Хотел он отбиться от странника – все в мыслях грешит он на странника, – да не отстает от него странник, с ним вместе и к обедне ко Гробу Господню пошел.

Хотели они поближе стать, не поспели. Стеснился народ так, что ни вперед, ни назад прохода нет. Стоит Ефим, смотрит вперед, молится, а нет-нет и ощупает, тут ли кошель. Двоится у него в мыслях: первое думает – обманывает его странник; второе думает – коли не обманул, а вправду вытащили, так как бы и со мной того же не было.

 

X

 

Стоит так Ефим, молится и смотрит вперед, в часовню, где самый Гроб и над Гробом 36 лампад горят. Стоит Ефим, через головы смотрит, что за чудо! Под самыми лампадами, где благодатный огонь горит, впереди всех, видит, стоит старичок в кафтане сермяжном, блестит лысина во всю голову, как у Елисея Бодрова. «Похож, – думает, – на Елисея. Да нельзя же ему быть! Нельзя ему прежде меня поспеть. Корабль до нас за неделю отходил. Нельзя ему было упредить. А на нашем корабле не было. Я всех богомольцев видел».

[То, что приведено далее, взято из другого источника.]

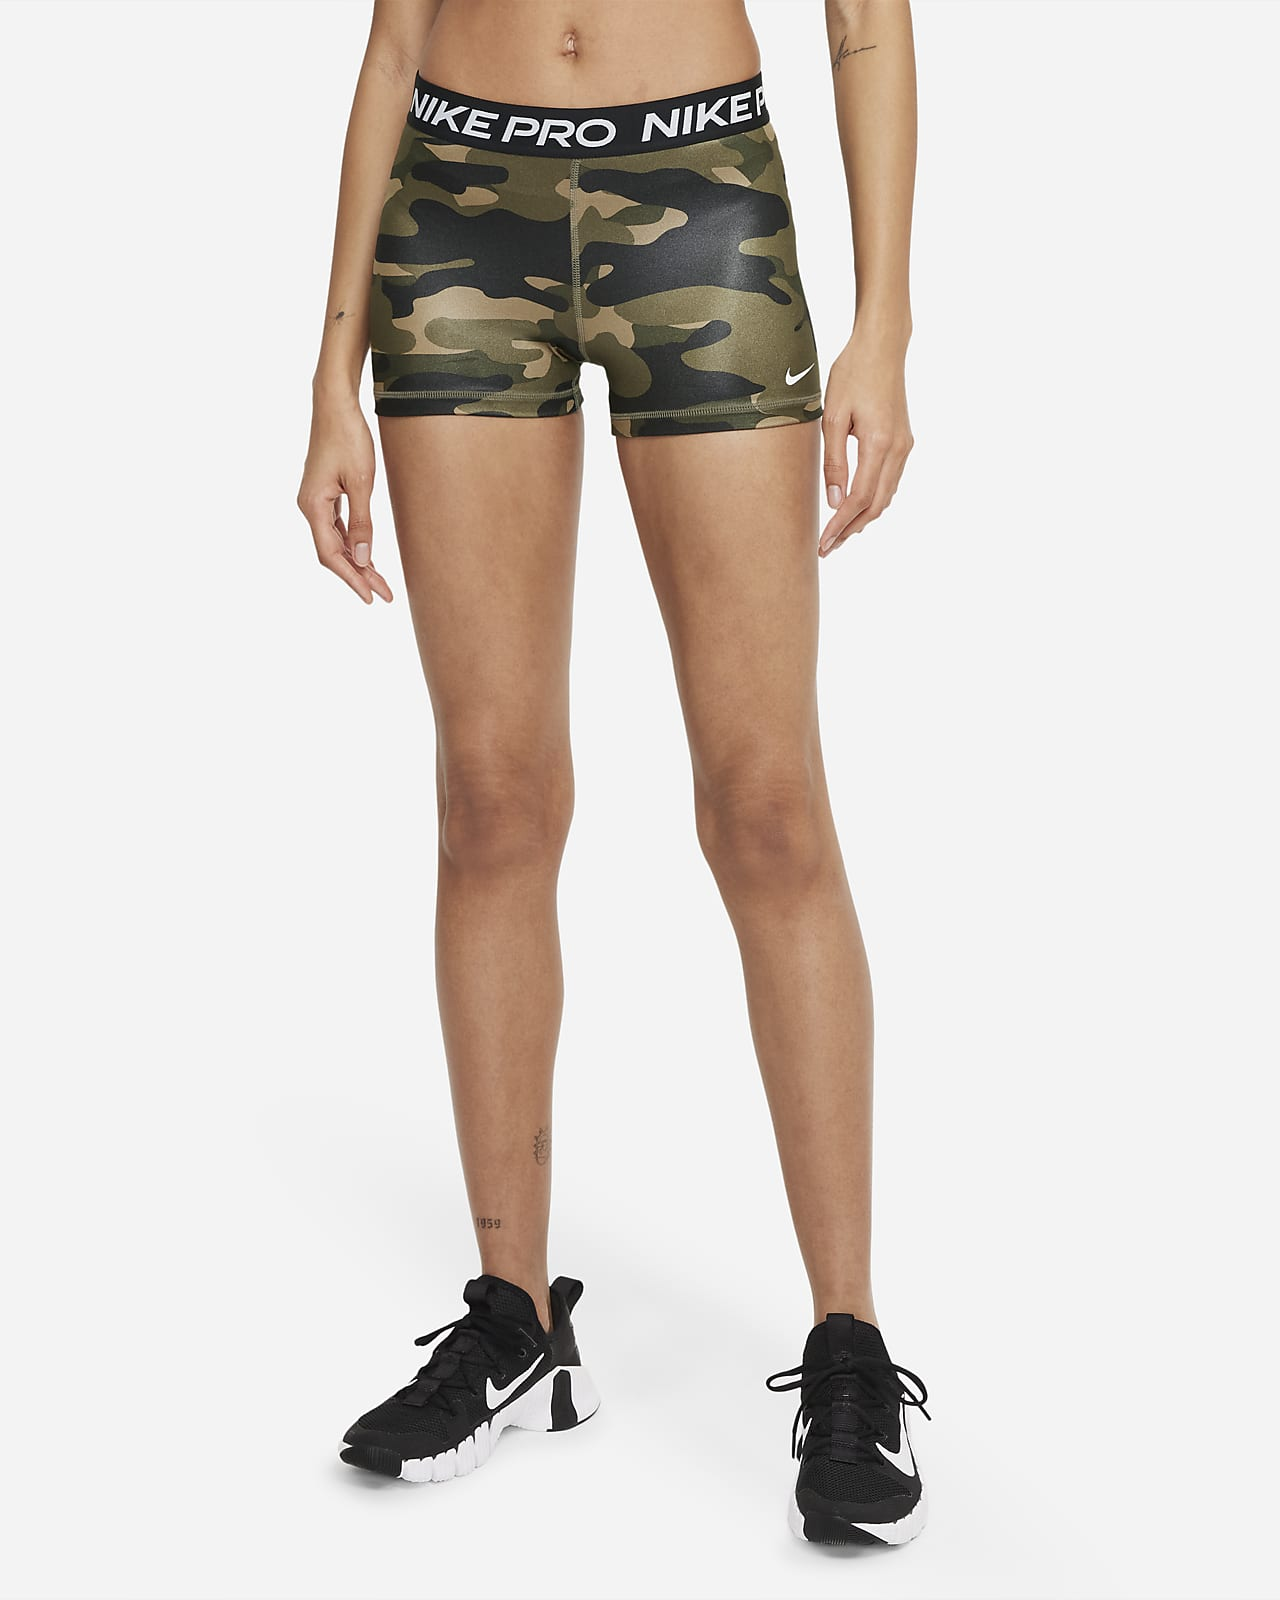 Nike Pro Dri-FIT Camo-Shorts für Damen (ca. 7,5 cm)

Только подумал так Ефим, стал молиться старичок и поклонился три раза: раз наперед Богу, а потом миру православному на обе стороны. И как повернул голову старичок на правую сторону, так и признал его Ефим. Самый он, Бодров и есть – и борода черноватая, курчавая, и проседь на щеках, и брови, и глаза, и нос, и все обличье его. Самый он, Елисей Бодров.

Обрадовался Ефим, что товарища нашел, и подивился, как так Елисей наперед его поспел.

– Ай да Бодров, – думает, – куда наперед пролез! Видно, с человеком таким сошелся, что провел его. Дай на выходе найду его, своего странника в скуфье брошу и с ним стану ходить, авось и он меня проведет наперед.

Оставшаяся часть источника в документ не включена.